LM: Well, of course, we always expect everyone to be respectful when they're on our traditional homelands. And having it held at Fort Shantok is especially important to us because it is our very traditional lands that have never been disturbed. It also is right next to our burial grounds. So number one, we don't allow anyone to go into our burial grounds during the festival. Number two, we always remind people that what we're wearing is considered traditional regalia. It's not a costume. And so typically, we would ask people not to touch it unless they asked for permission. And to call it regalia rather than a costume because it's not a costume to us. It is really traditional wear.

The Mohegan Tribe

But other than that we really think that, just kind of view the proceedings with respect and understand that as people are dancing, as people are singing as people are drumming, that's really a form of spirituality. And so we ask people to be very respectful of that. As we do grand entry, we ask everyone to stand, we ask everyone to stand when we offer a blessing to all of the people that are in attendance, and then just to enjoy the rest of the day.

So there will be a lot of drumming, there'll be a lot of dancing. There'll be dance competitions. Which is a lot of fun, because people really are very talented at dancing and drumming. But there will also be traditional Native food vendors there as well as other vendors who are traditional indigenous craftsmen. So you'll see basketmakers and bead beaders and wampum makers, and you'll see folks with deerskin and furs on site as well. And you know, we encourage everyone to go visit the vendors, because they travel from typically from wigwam to wigwam or powwow to powwow. And that is a source of income for them. But it really is very highly skilled artisans that are there to sell their wares.

WSHU: Why do you believe it is important to also bring in members of the general public?

LM: Well, because it's a very long-standing tradition for Mohegan. As you know, we have a museum in Mohegan that is the oldest Indian-owned and run Museum in the United States. And the goal of that museum was not just to educate our own tribal people on our history, but it was to educate our community as well. Gladys Tantequigen, her brother and her father founded that museum. And one of the famous quotes that is attributed to that is, 'You can't hate someone you know a lot about.' And so as we share our culture, when we share our history is the shared history of Connecticut at this point in time.

We want to make sure that everyone understands what our place in history is, and how Mohegan and other indigenous nations within the state have existed long before it was formally a state of Connecticut. It was, you know, when the colony of Connecticut was forming, and long before that. So it's a way for people to just kind of understand the roots and the Indigenous roots of our Connecticut that we share now.

The Mohegan Tribe

WSHU: What is something that you personally are looking forward to?
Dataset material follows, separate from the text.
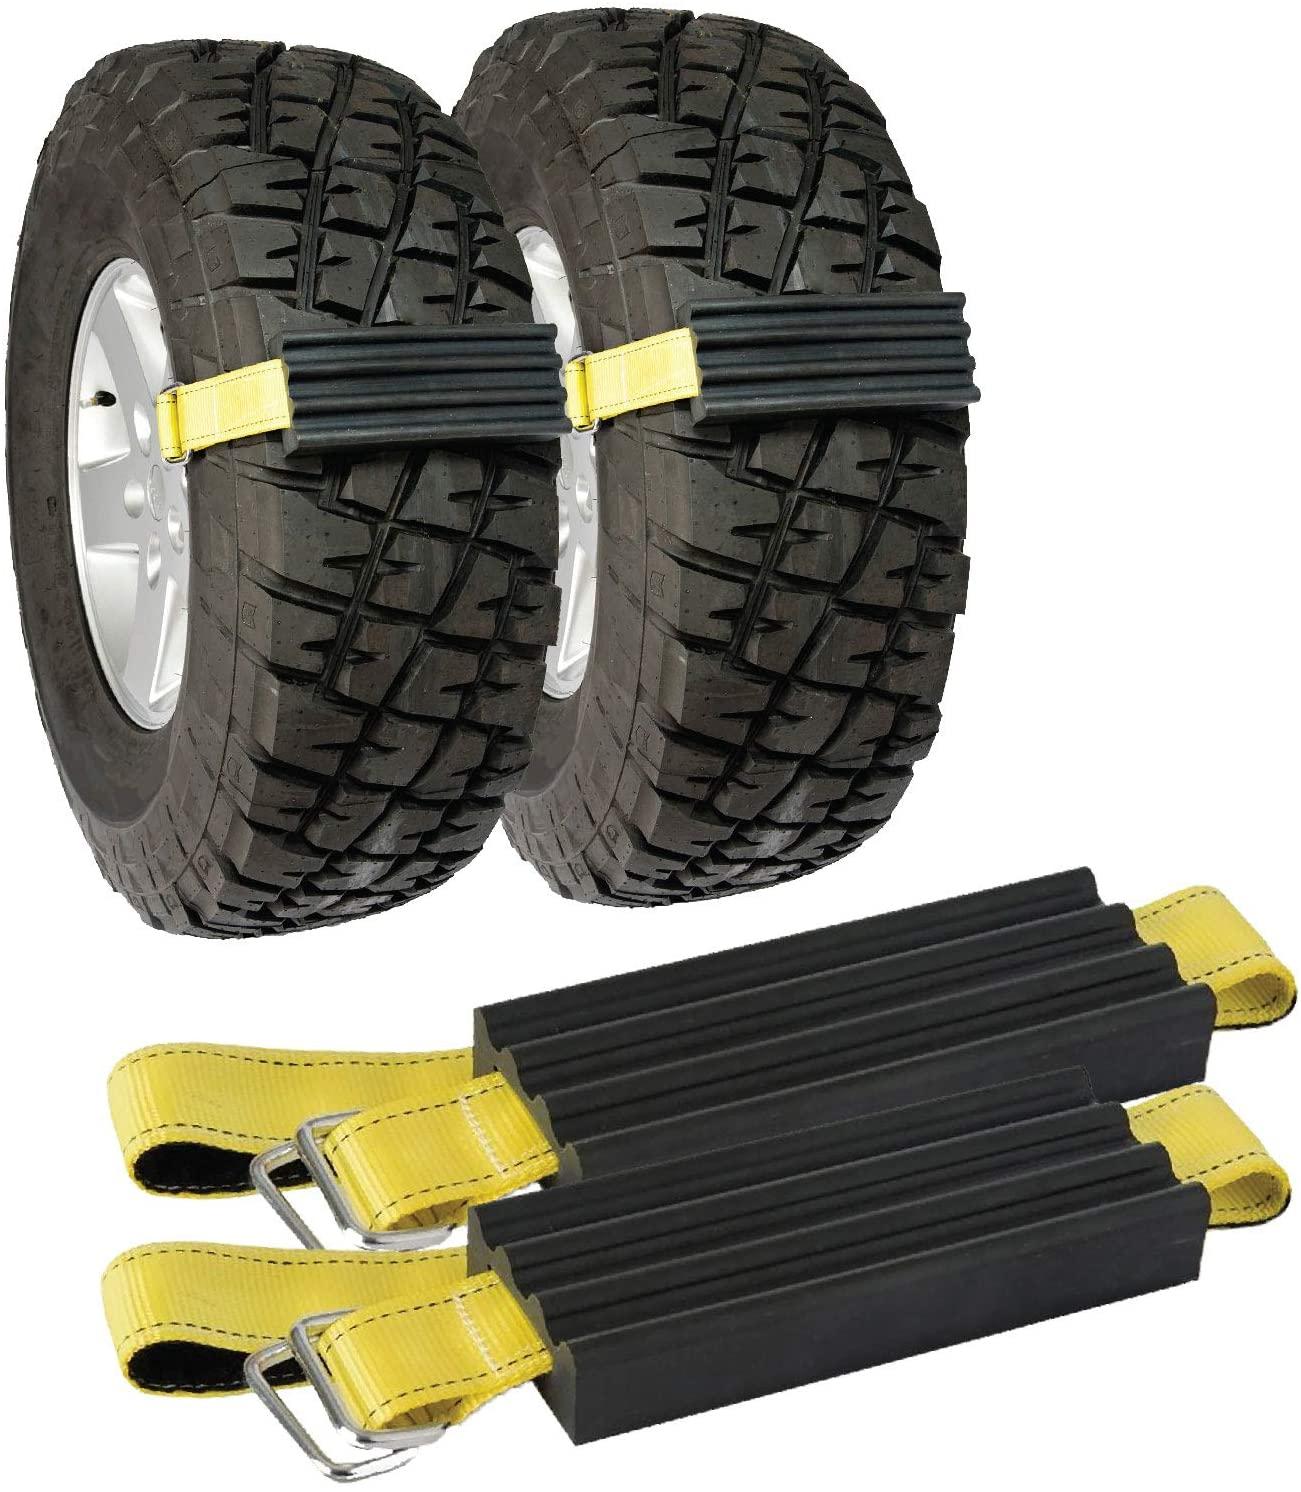 XINQI 6pcs Adjustable Winter Universal Fix Car Tire Emergency Anti Slip Snow Tire Chains for Most Cars/SUV/Trucks

LM: Well, I think the festival is a very joyous event. It's a time when not only our own Mohegan people maybe who live far away will come back and celebrate and reconnect with their family. But it's a way for us to also reconnect with other tribal nations throughout New England and also throughout the rest of the United States who will come and travel and visit with us.

So it is very joyous. It's a way to greet old friends. It's a way to make new friends and it's just a true celebration of who we are. I love every minute of it. And I'm very excited because both my daughters will be home and they're bringing their husbands and their children and they'll be all dancing in the circle with me. So it really is a family moment, and it's one that we look forward to each year.

Jeniece Roman is WSHU's Report for America corps member who writes about Indigenous communities in Southern New England and Long Island, New York.